Spencer, since when did you become such a great motivational speaker! Drop me a line...


----------



## redbeard (Nov 6, 2003)

I don't know if it's still the same, but the companies around the gauley used to run you thru their own guide class for a month around march before the real season got started, it was butt cold, and you were there all week starting at six at the latest, but it was free, and as far as I've seen, having guided the gauley can get you in at alot of places. 

course that means moving to WV for awhile... but at least rent's cheap!!


----------



## matts (Oct 29, 2003)

Colorado requires 50+ hours of training by a certified instructor...local companies, like timberline tours, offer this class in may. you also must have, per the state, first aid and cpr, although WFR and/or EMT training is a plus. Swiftwater Rescue isn't required by the state, but is required by most companies. This course is offered almost everywhere, but most companies will offer an in-house class after training. Your first year as a guide is the roughest, but with the right contacts and good experience, if you stick it out and work your ass off, you can get work wherever you want to go. Did i say experience and contacts. I think those are the two best ways to get r done. I've been a guide for about 8 years and have worked in West Virginia and Colorado primarily, although I have picked up work on road trips in Idaho and Cali, as well...I have a piece of paper that says I earned a BA several years ago. It was a good experience and I don't know where the piece of paper went, but it's funny how many raft guides have a degree in something. Your kayaking will help, too. Many companies don't use a safety boater unless they are also a guide (there are exceptions) and kayaking will help you to read the water from a different light. Hope this helps.

matt


----------



## cosurfgod (Oct 10, 2003)

Raft guiding is for tools. Weeee! Browns Canyon rules!


----------



## kayaker (Oct 29, 2003)

*have fun and good luck*

hopefully you love sitting on your butt in a raft watching kayakers rip by, cause that is a reality of being a guide.
To make your plan work, either start with $$ in the bank or be prepared to live poor and happy.
(first eliminate all your debts, then become a guide, cause you aint paying off no loans as a raft guide, but you will likely be taking out a few.)
Now go get some stick time.


----------



## vardaddy (Jun 14, 2004)

I've never been a raft guide so I can't give you advice on that but I can tell you something about earning a degree and then going to play. I got a degree from the university of michigan and then headed west. I wanted to ski for one season and headed to montana. Got 120+ days of skiing in fell in love with the area and the lifestyle and that one season turned into 5 seasons of skiing everday working at night bartending and waiting tables to make money and keep my days free. You said you guess you got to grow up.
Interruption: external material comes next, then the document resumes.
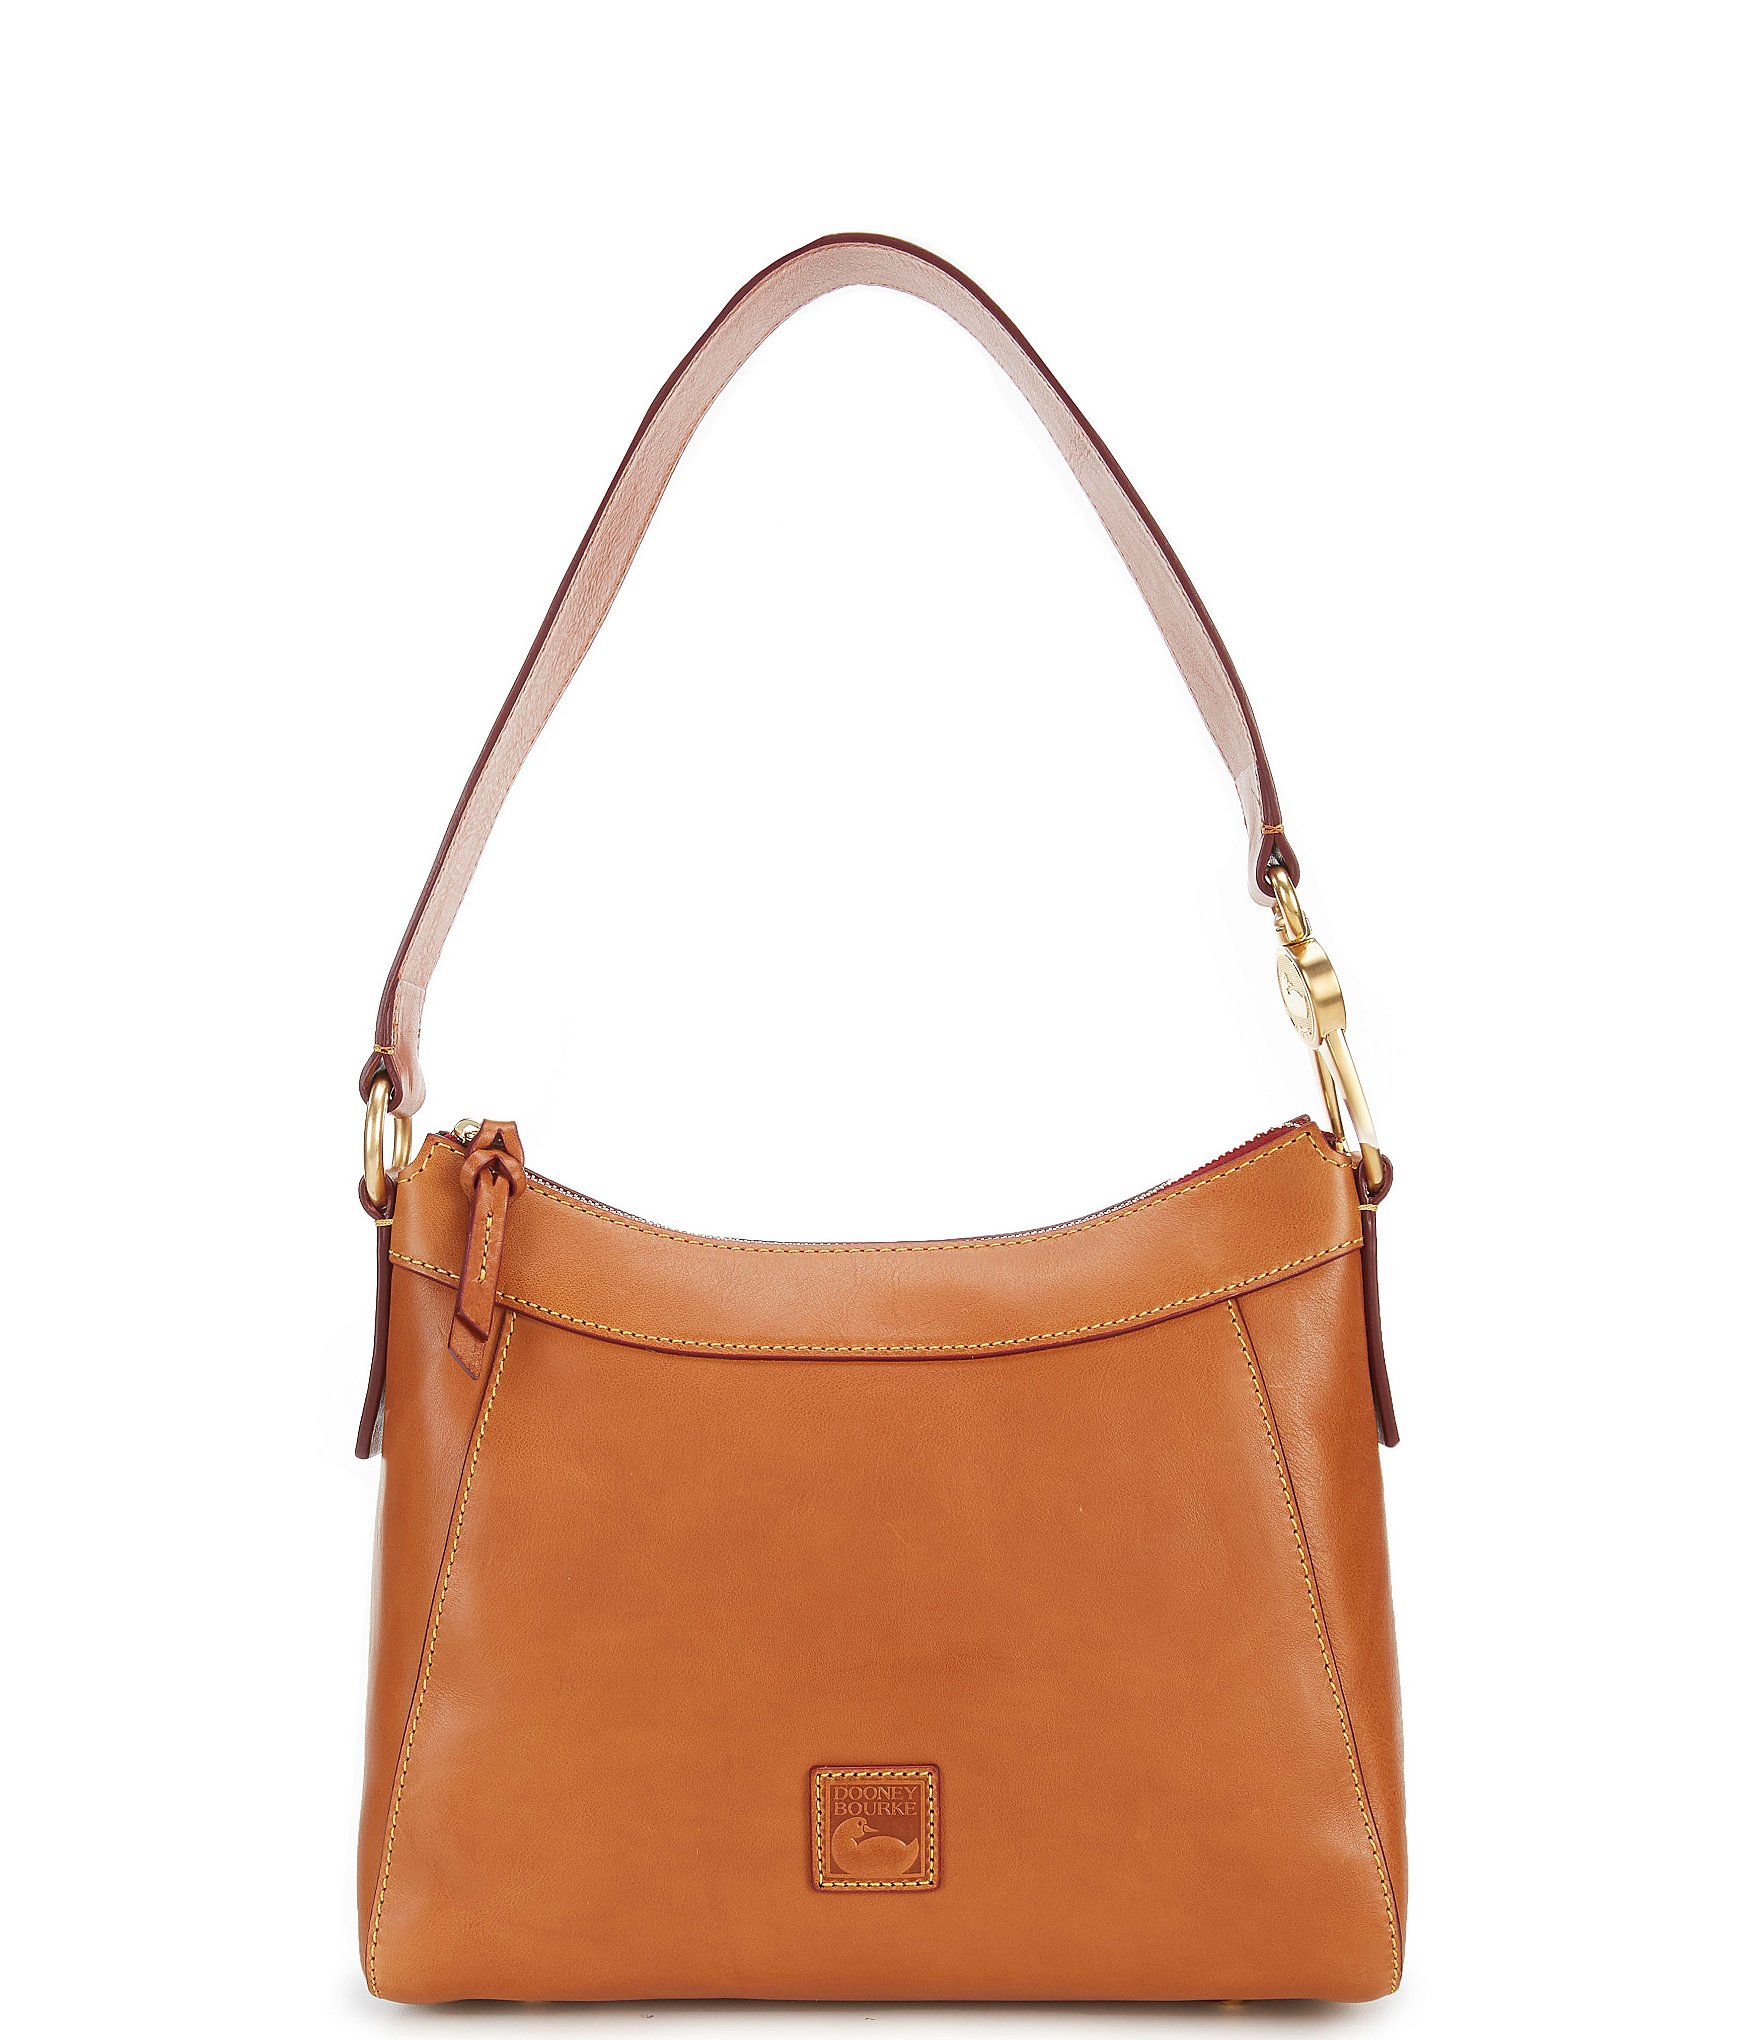 Dooney & Bourke Saffiano Sophie  Taupe bag, Dooney, Leather hobo bag

No you don't, you can learn how to play the rest of your life. You'll grow up in certain ways but stay young at heart. Plenty of my friends skied in the winter and then raft guided in the summer on first the yak and then middle fork of the flathead. Like others have said you definitely don't get rich doing it but then you'll have more fun than any of your friends working 9-5 jobs and they will all be jealous. People used to ask me after they heard I had a degree when I was going to get a real job. Usually they were on vacation and I just heard them sit at the bar and recount how happy they were to be on vacation and how they hated their job. I'd just look at them and say why do I want a real job when I'm happy and doing what you do for your vacation every day. I did eventually go back and get a teaching certificate and I'm now teaching school but I spent 5 years skiing and playing every day and then went back and spent a 6th season before I started teaching. I would never change what I did for a minute and would definitely recommend it to many. And now I still get 3 months of vacation time and can paddle everyday. Enjoy your life remember some people live to work and others work to live. Good luck with your raft career and if you have any interest of trying it up in Montana I still know several raft guides that would be happy to give you a job.


----------



## mattdanitz (Oct 14, 2003)

I dont mind living on the poor side. I dont want to do it for the money. My views are the same as yours vardaddy. Ive been stuck in school for twenty years and now I want to go enjoy life. My plans change every day because there are so many things that I want to do when I graduate. If I do get a 'real job' one day it will probably be my own business. I know I only live once and this is the only time in my life ill be able to do it. All of the opportunities excite me. We'll see what happens. Raft guiding is only one of my options so Im just trying to figure out what I have to do if I decide to go that route. Any way have a good weekend everyone.
matt


----------



## Strider (Mar 12, 2004)

Matt, follow your heart and enjoy life. I got my first "real" job at 40. I did the raft guide/kayak instructor in the summer and ski patrol as well as sea kayak guide (Mexico) in the winter for >20 years. I decided to get my RN (degree in 2 yrs) for a change of routine and to be able to work as a nurse for expeditions. I may not make tons of cash but I am really happy with lots of time off to play and I will always have a job anywhere in the world.
Good luck and live life with passion!


----------